4. If a member has trouble opening a Bookshare file, or cannot get the file to function properly, what kind of response or advice might they get from technical support? Would it be unusual for Bookshare technical support staff to advise a member to continue to download the same book multiple times, in the absence of any other directive or suggestions, in an attempt to get it to work?

Bookshare’s response will vary with each situation. Generally, support staff will ask the member or sponsor if they are seeing any error messages and which steps they took that produced the error. If Bookshare staff is unable to reproduce the error internally, we may ask the member to perform the download again and let us know if they continue to experience the problem.
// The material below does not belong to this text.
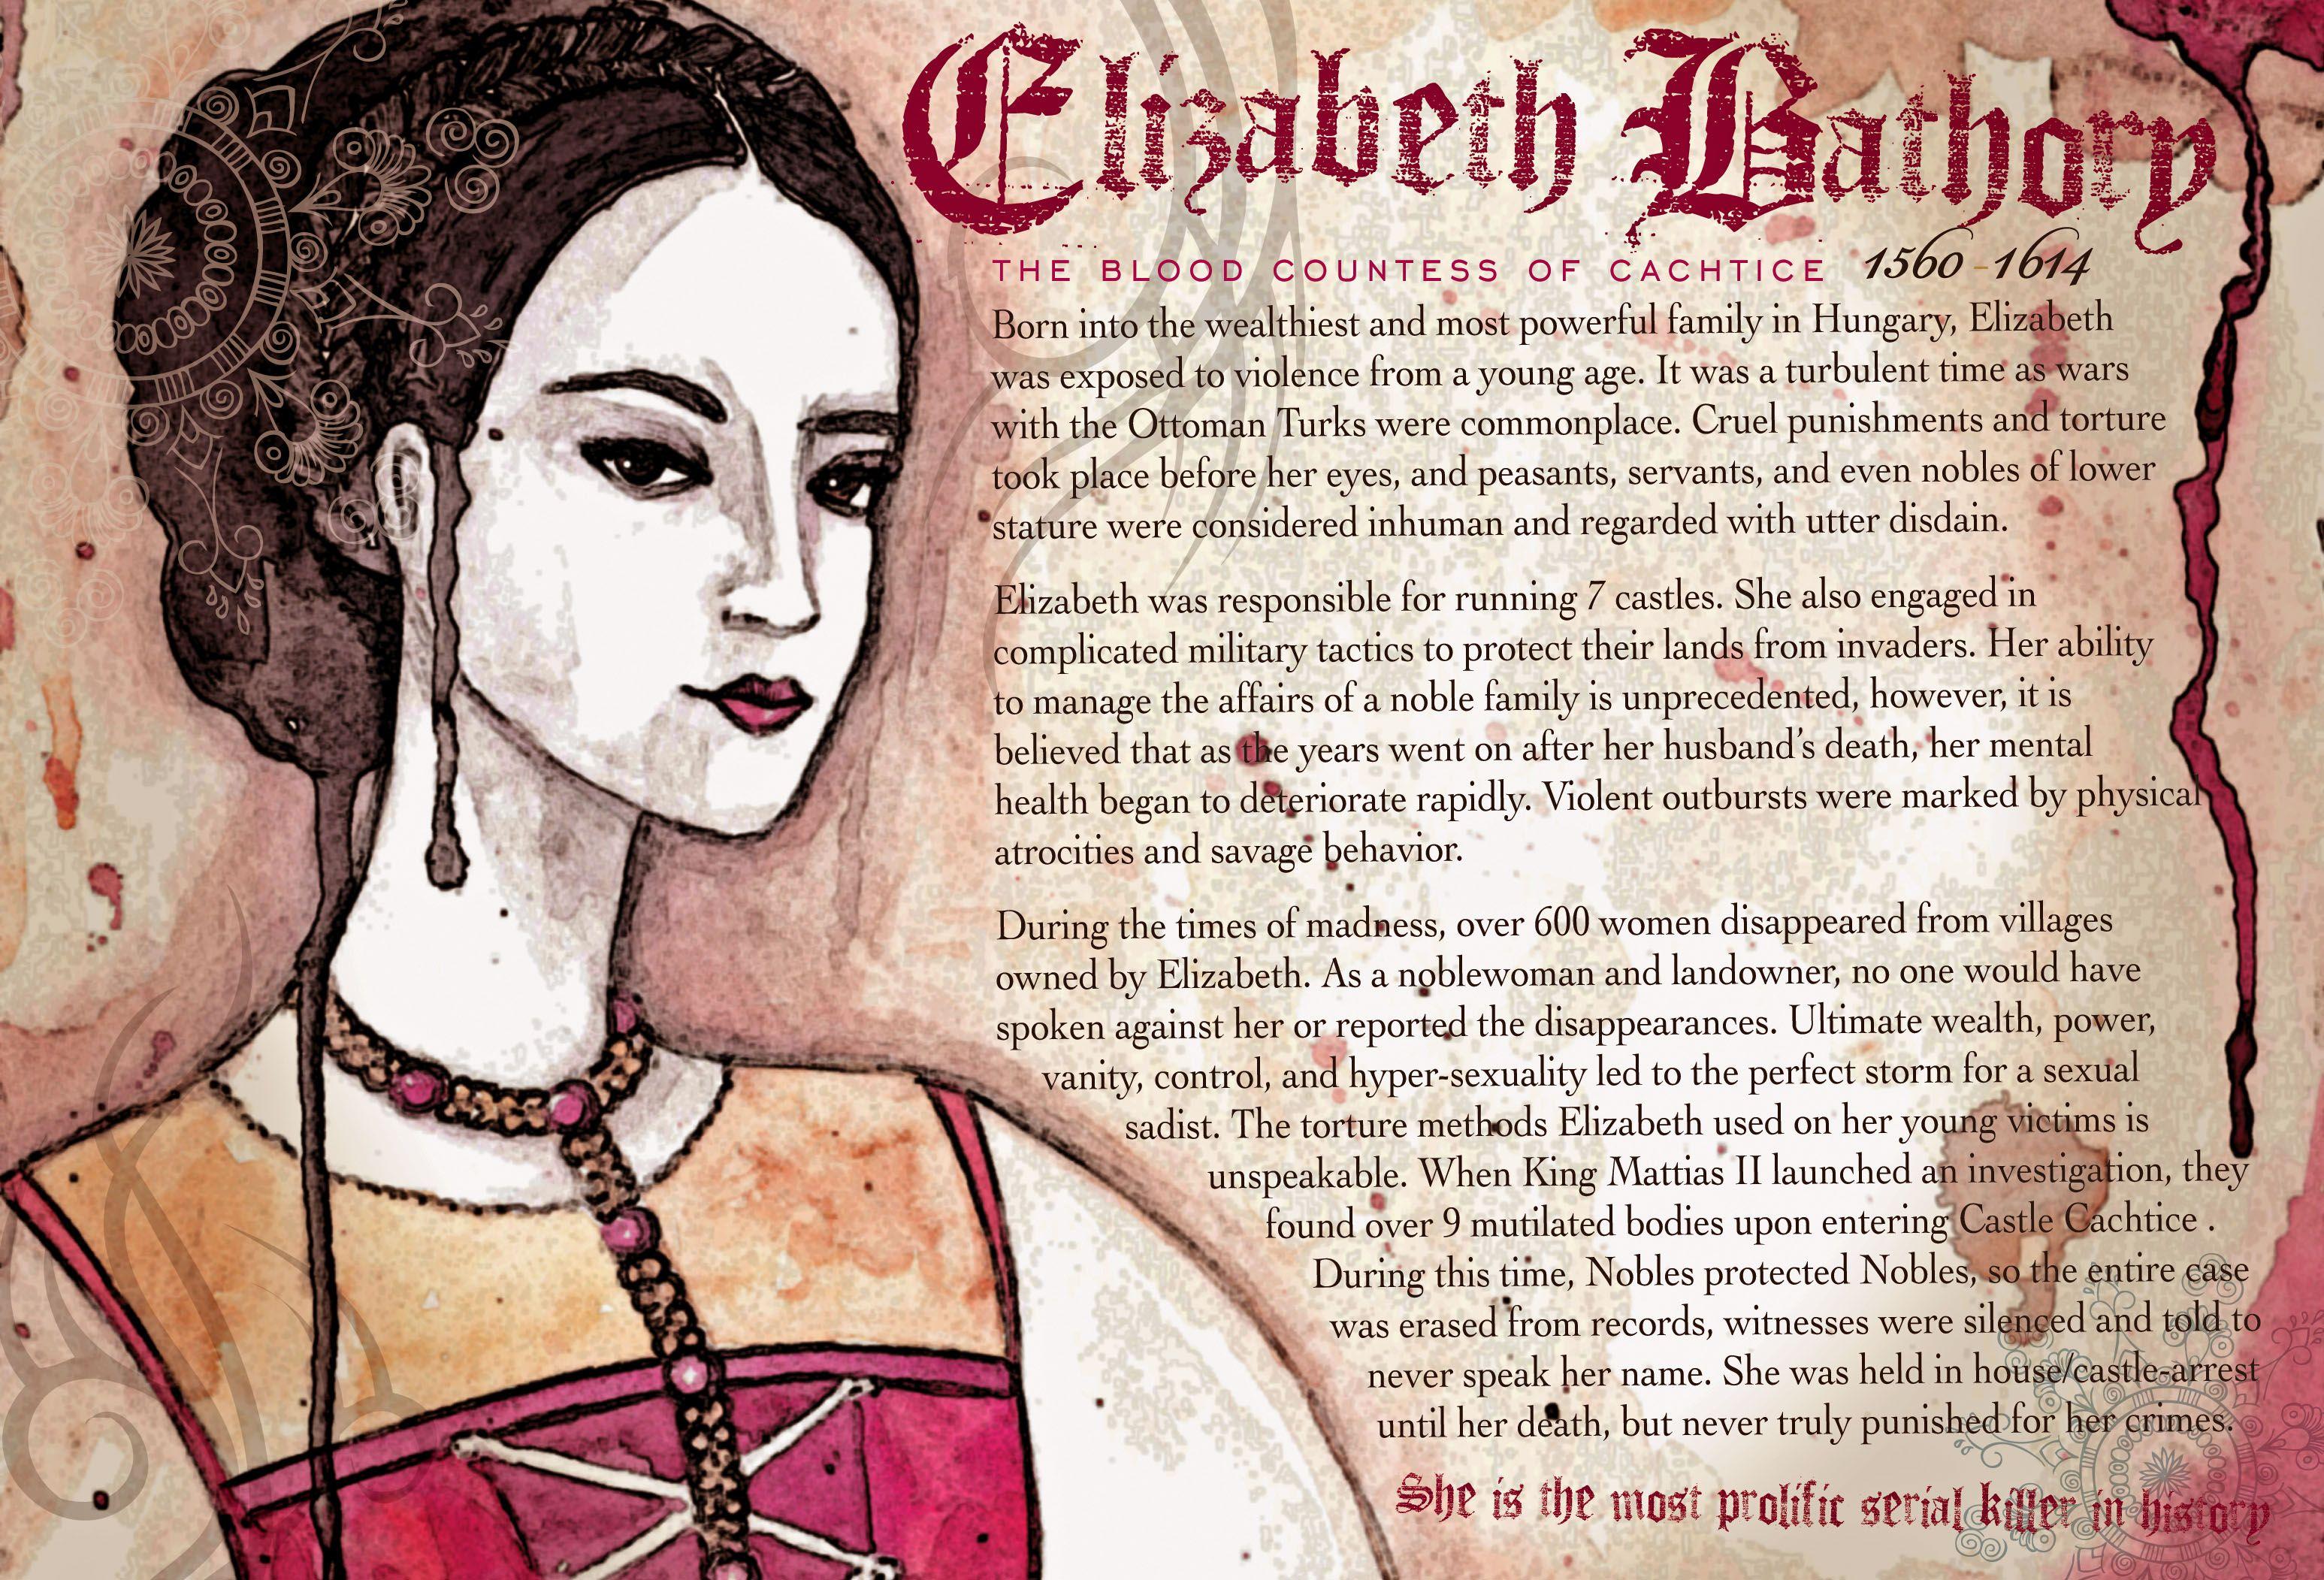 the historic case of bloody elizabeth bathory The bloody countess // elizabeth  historical figure aesthetic:  but ferid has the same surname as elizabeth bathory, an infamous female serial killer .

5. What school districts in Mercer and Middlesex County, NJ have a Bookshare membership?
Unfortunately, we can’t share specific school district data as it is confidential. We can share that we have multiple K-12 organizations using Bookshare in those counties, as far as we understand the results of a search for those areas in our organization database. In New Jersey alone:
• 5400 K-12 students are signed up for Bookshare services
• We’re serving roughly 500 K-12 school organizations, which includes both school districts and schools
• The majority of K-12 students that we serve are students with learning disabilities, severe enough to meet the qualifications of Section 121
• All students with (such a) LD classification and an IEP are eligible to have NIMAC-sourced textbooks downloaded for them by their school or LEA

6. What is your typical response time to a school contact? How often, or what percent of the time would you estimate that it takes two weeks to respond to a school contact?

It is Bookshare’s goal to respond to support inquiries within two business days, and we meet or exceed this goal in most cases. In rare cases, some responses may be delayed due to the need for additional information and other factors that change with each situation, but we strive to keep these delays minimal.

7. Are NIMAC-sourced textbooks only for the blind?

The majority of students served by Bookshare, the largest user of the NIMAC, are not blind. Under IDEA 2004, the students that are eligible to receive textbooks obtained through the NIMAC must be doubly qualified: they must have an IEP and a disability that qualifies under the Section 121 copyright exception. Students do not have to be blind to have an IEP: it’s simple to demonstrate that from statistics widely published by the Department of Education (the blind and visually impaired are a very small fraction of students with IEPs). Students do not have to be blind to qualify under the copyright exception. Bookshare and RFB&D, the two largest agencies the serve students exclusively who qualify under Section 121, both have more than 70% of their members as those with learning disabilities. Of course, since the Department of Education is the largest single funder of Bookshare and RFB&D, our policies for how to serve students (and which students qualify under IDEA for NIMAC-sourced content) have received extensive legal review by the Department’s attorneys.

8. Does Bookshare work with the Kurzweil products for students with learning disabilities?

Bookshare works with all developers of access products that support our users with qualifying disabilities. The Kurzweil 3000 product is one of the leading commercial products used by our users with learning disabilities. As a point of fact, the Kurzweil 3000 allows Bookshare users to search for Bookshare books, download them, and read them without ever leaving the Kurzweil 3000 software program.